* _What needs to be done_: Pictures aside, print all of the data below exactly as written.

* _Information supplied_:
****

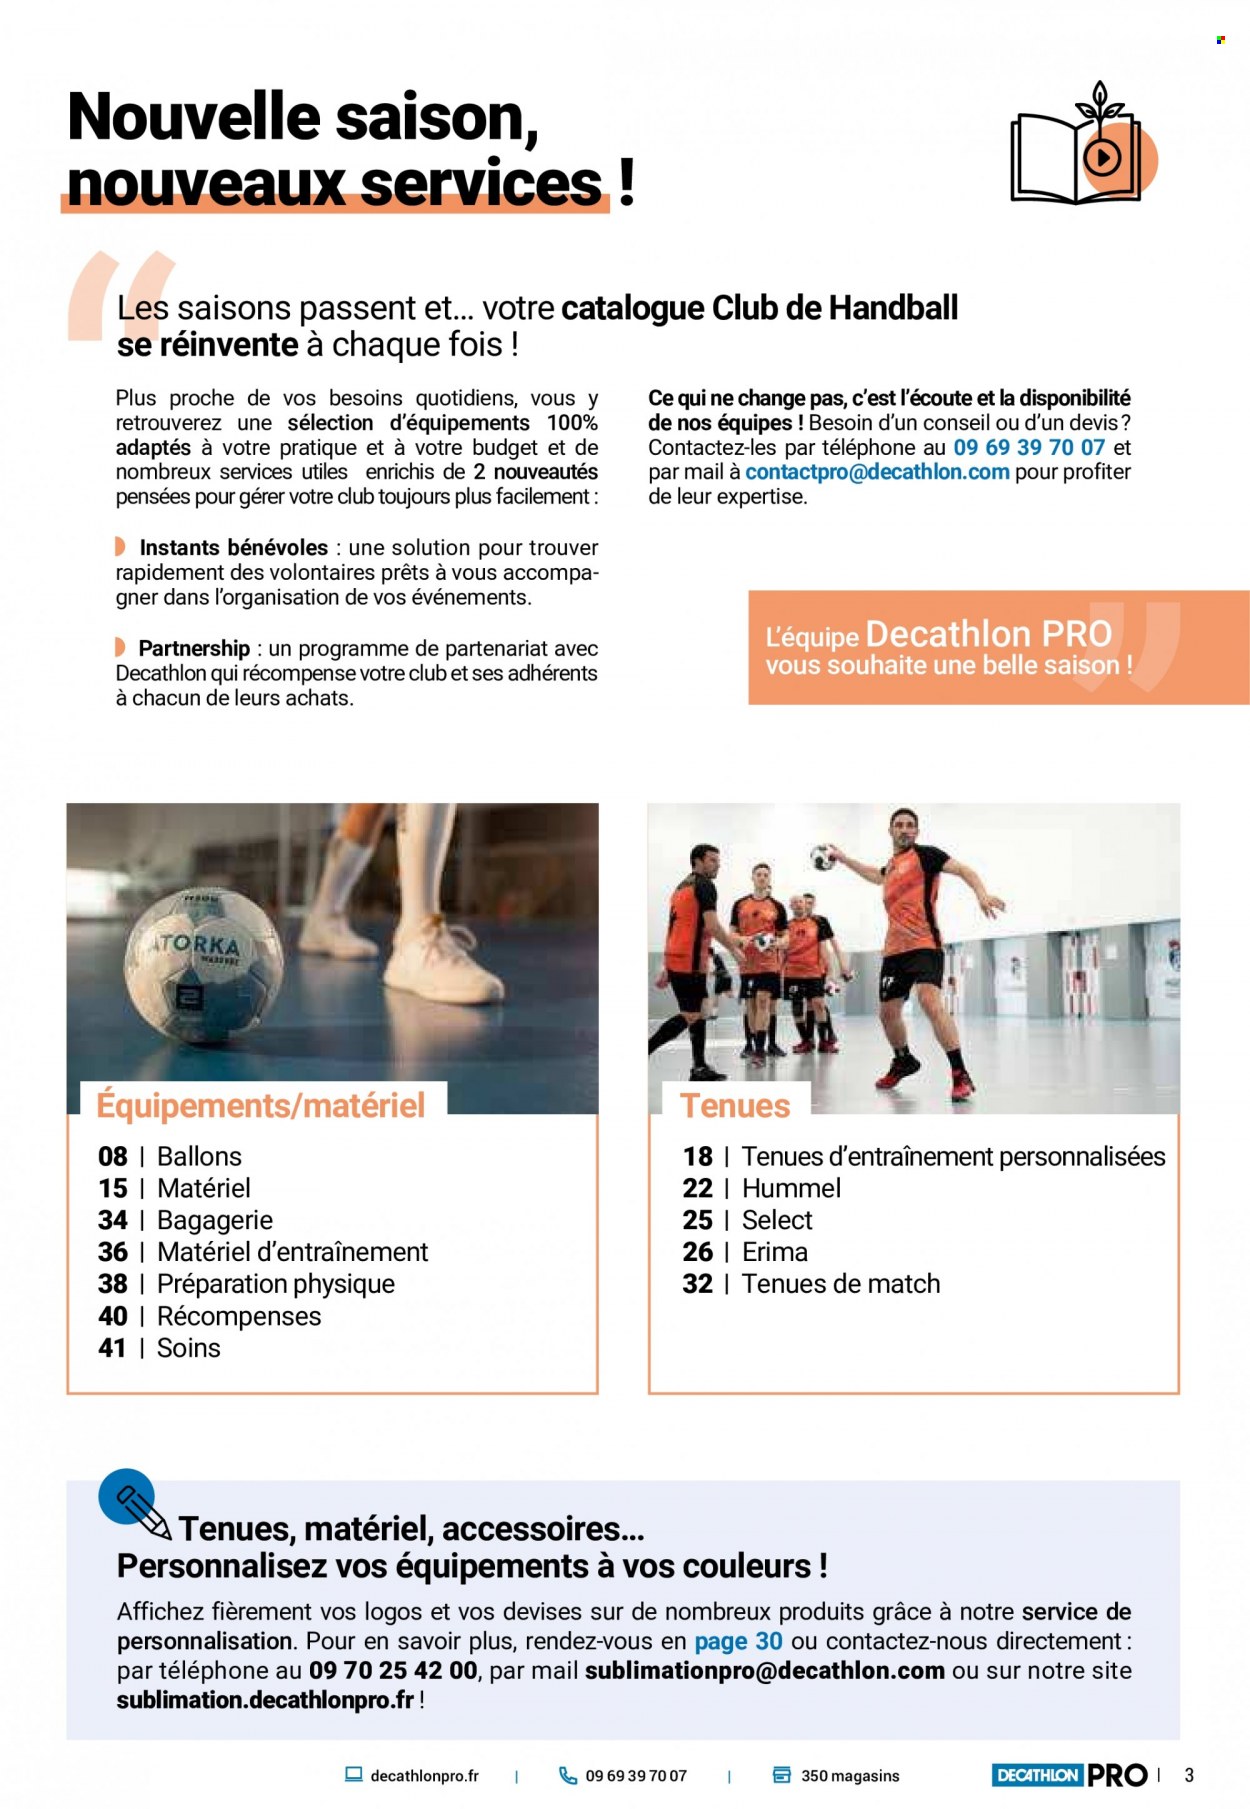 thumbnail - Catalogue Decathlon - Produits soldés - Hummel, Erima, ballon. Page 3.
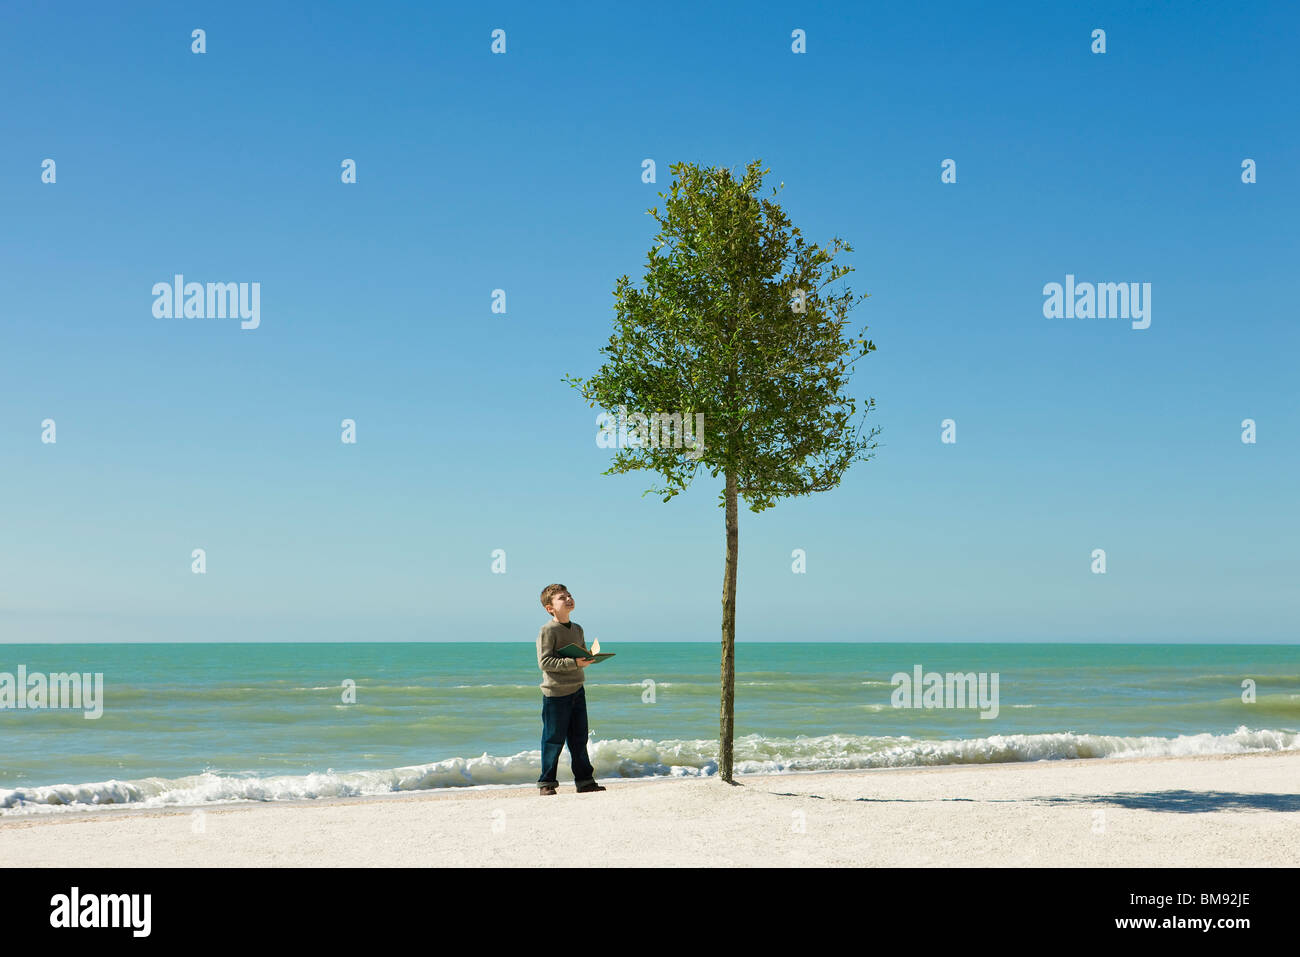 Boy am Strand mit offenen Buch in Händen, Baum wächst in Sand bewundern Stockfoto
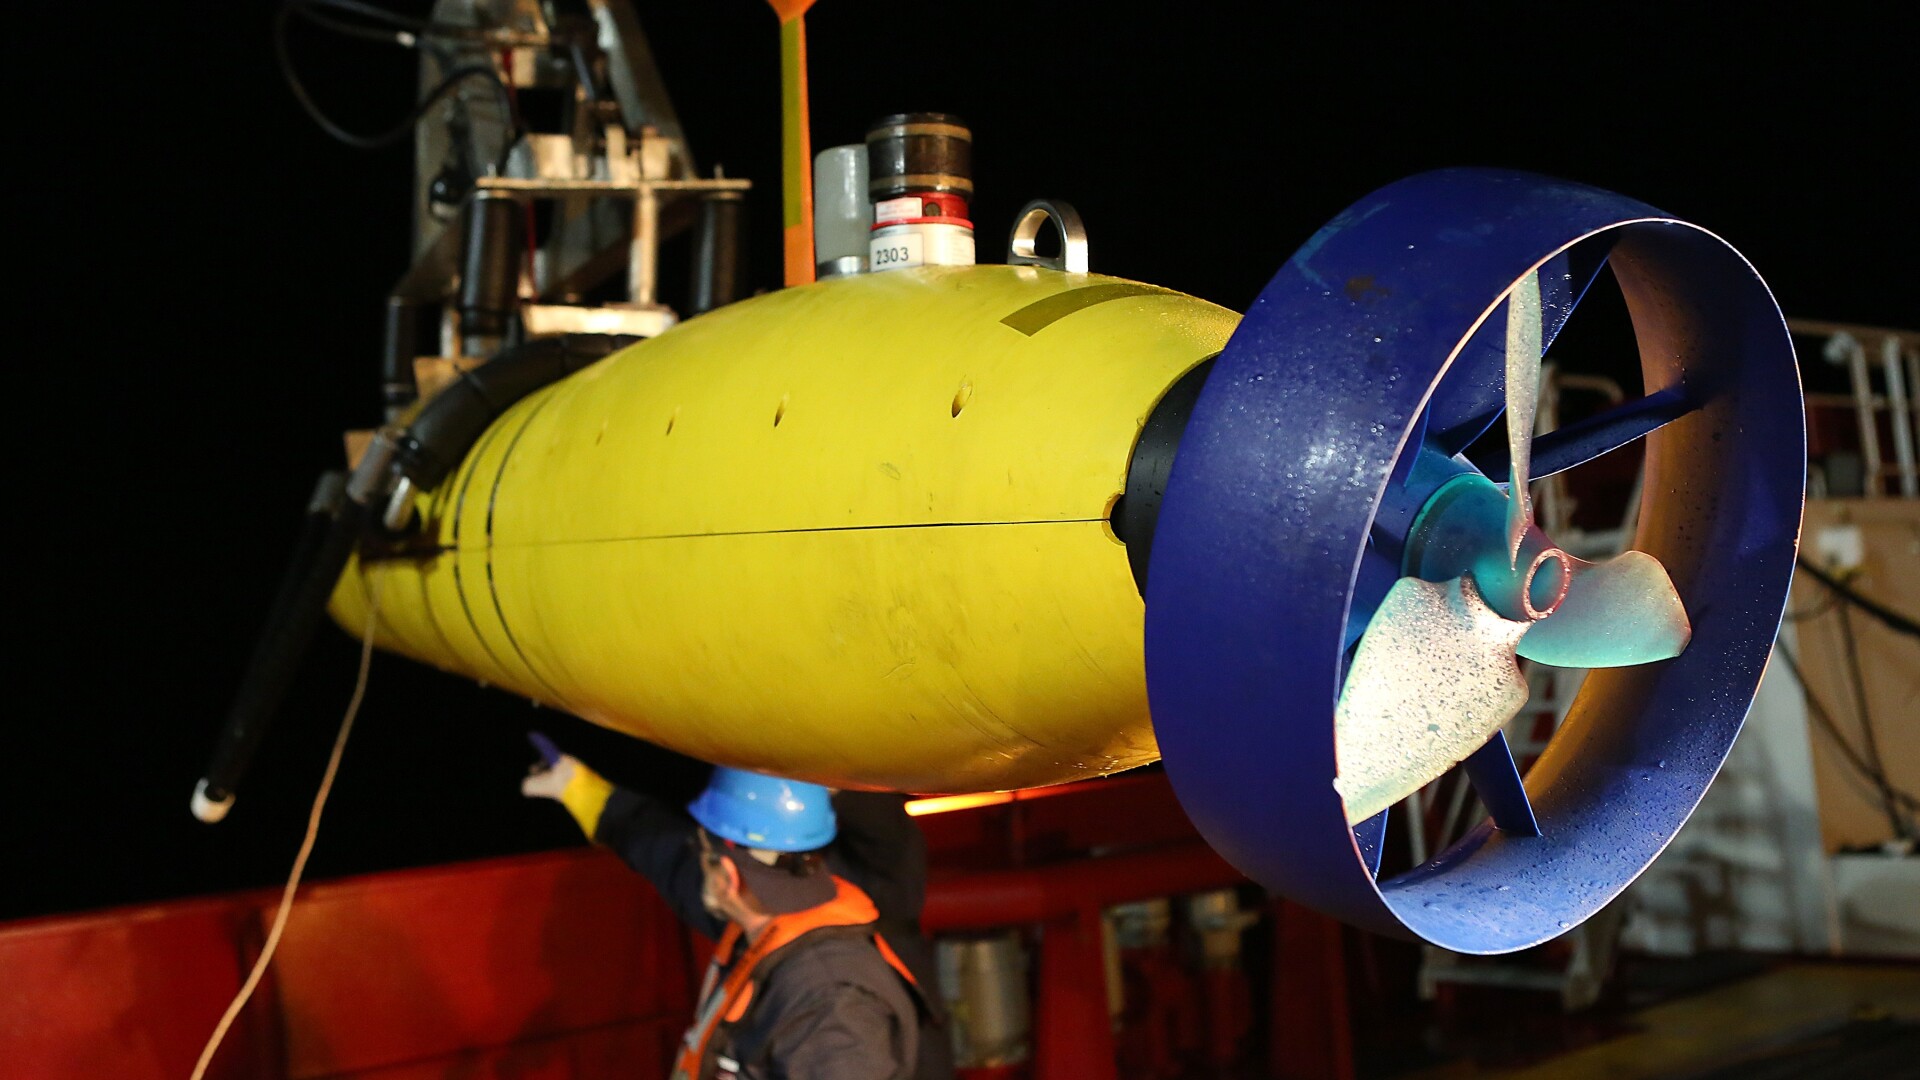 Bluefin-21, robotul subacvatic folosit in cautarea avionului MH370

****

* _Written response_:
 thumbnail - Catalogue Decathlon - Produits soldés - Hummel, Erima, ballon. Page 3.
 Boy am Strand mit offenen Buch in Händen, Baum wächst in Sand bewundern Stockfoto
 Bluefin-21, robotul subacvatic folosit in cautarea avionului MH370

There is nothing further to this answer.